Announcement

Collapse
No announcement yet.
X
  • Filter
  • Time
  • Show
Clear All
new posts

  • How to create a simple table with my own specifications?

    Hi,

    I want to create my own table with column names and observations in stata. I have been searching online but everywhere i see the option of creating a table with prespecified options such as in table or tabulate. How can I just build out a simple table like in excel using my own column names and inserting observations into them?

  • #2
    Not easily. However, there are ways of doing so. The best way depends on what it is exactly what you want to do, and your skill level.
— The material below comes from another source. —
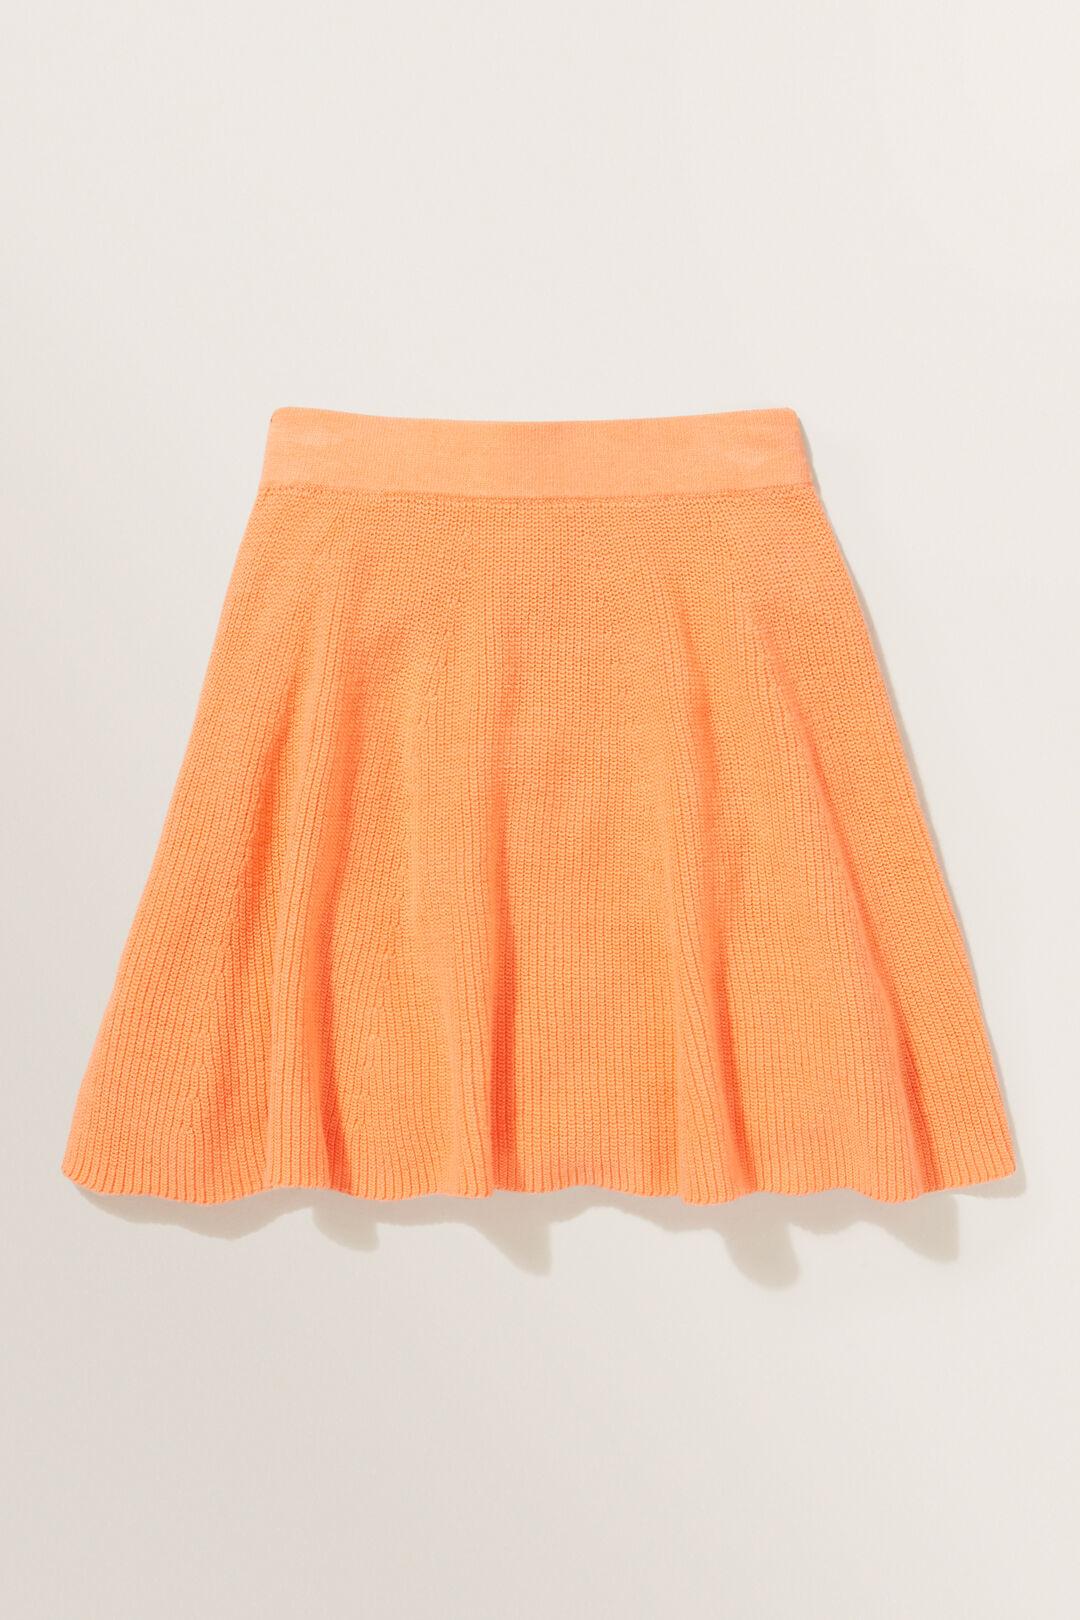 Knit Skirt  Apricot  hi-res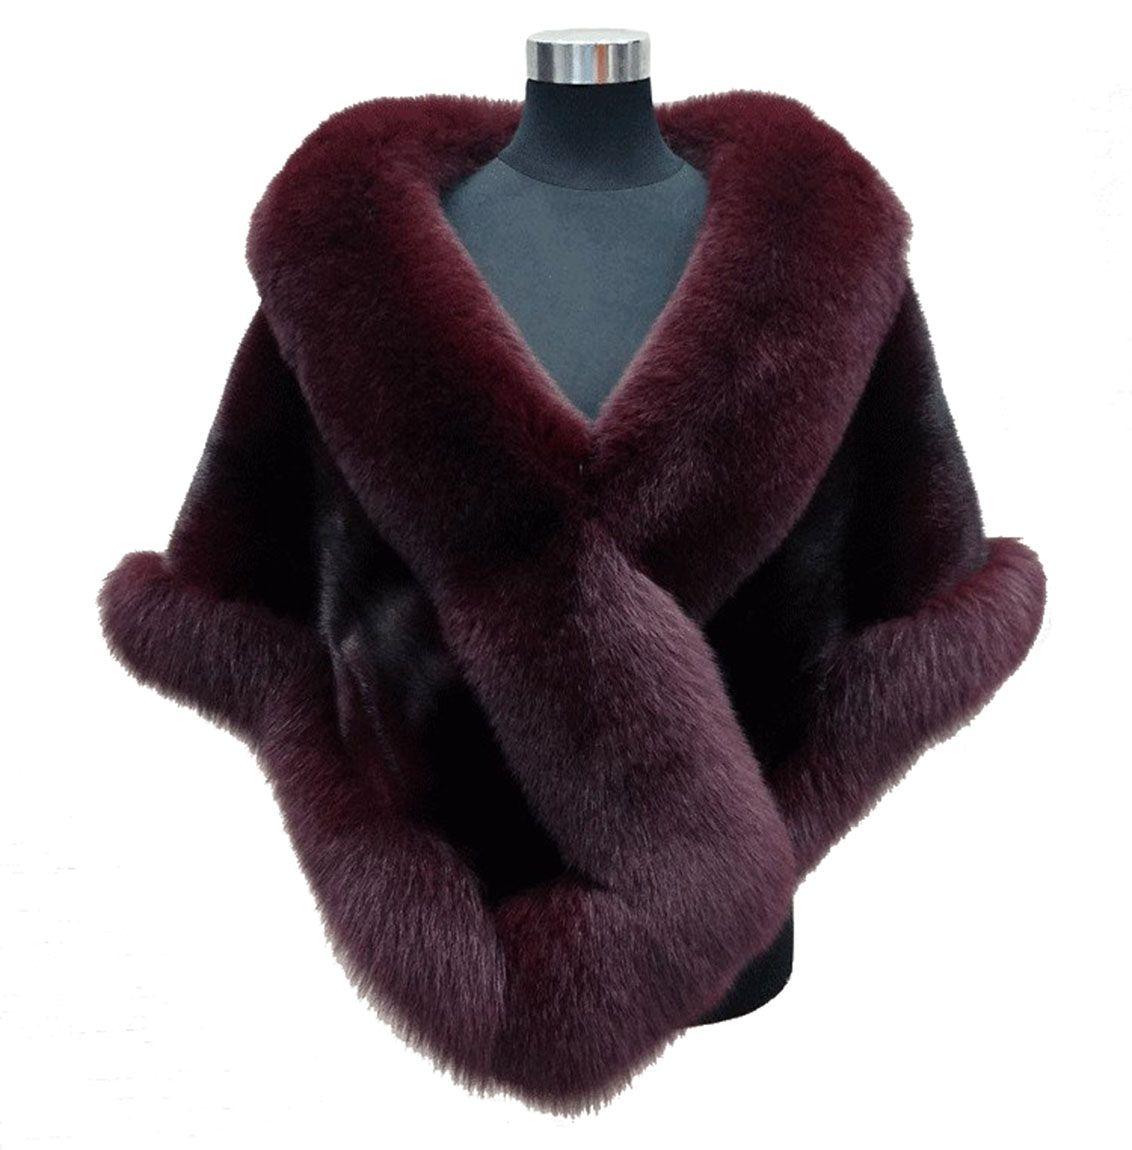 Autumn winter 2019 newest long fox faux fur bridal Wraps evening dress shawl cloak scarf female Party Cocktail

    You could look at tabdisp. The strategy here is to manipulate the dataset such that it contains your table (in long format), and use tabdisp to display it as a table

    Another option is matlist. The strategy here is to collect the things you want to display in a matrix, with row and column names and maybe even equation names, and use matlist to display that matrix.

    Finally, you can get maximum flexibility with _tab, but the price of flexibility is complexity
    ---------------------------------
    Maarten L. Buis
    University of Konstanz
    Department of history and sociology
    box 40
    78457 Konstanz
    Germany
    http://www.maartenbuis.nl
    ---------------------------------

    Comment


    • #3
      ... not forgettting list ...

      Note: in Stata an observation is, in other terms, an entire row or record in the dataset.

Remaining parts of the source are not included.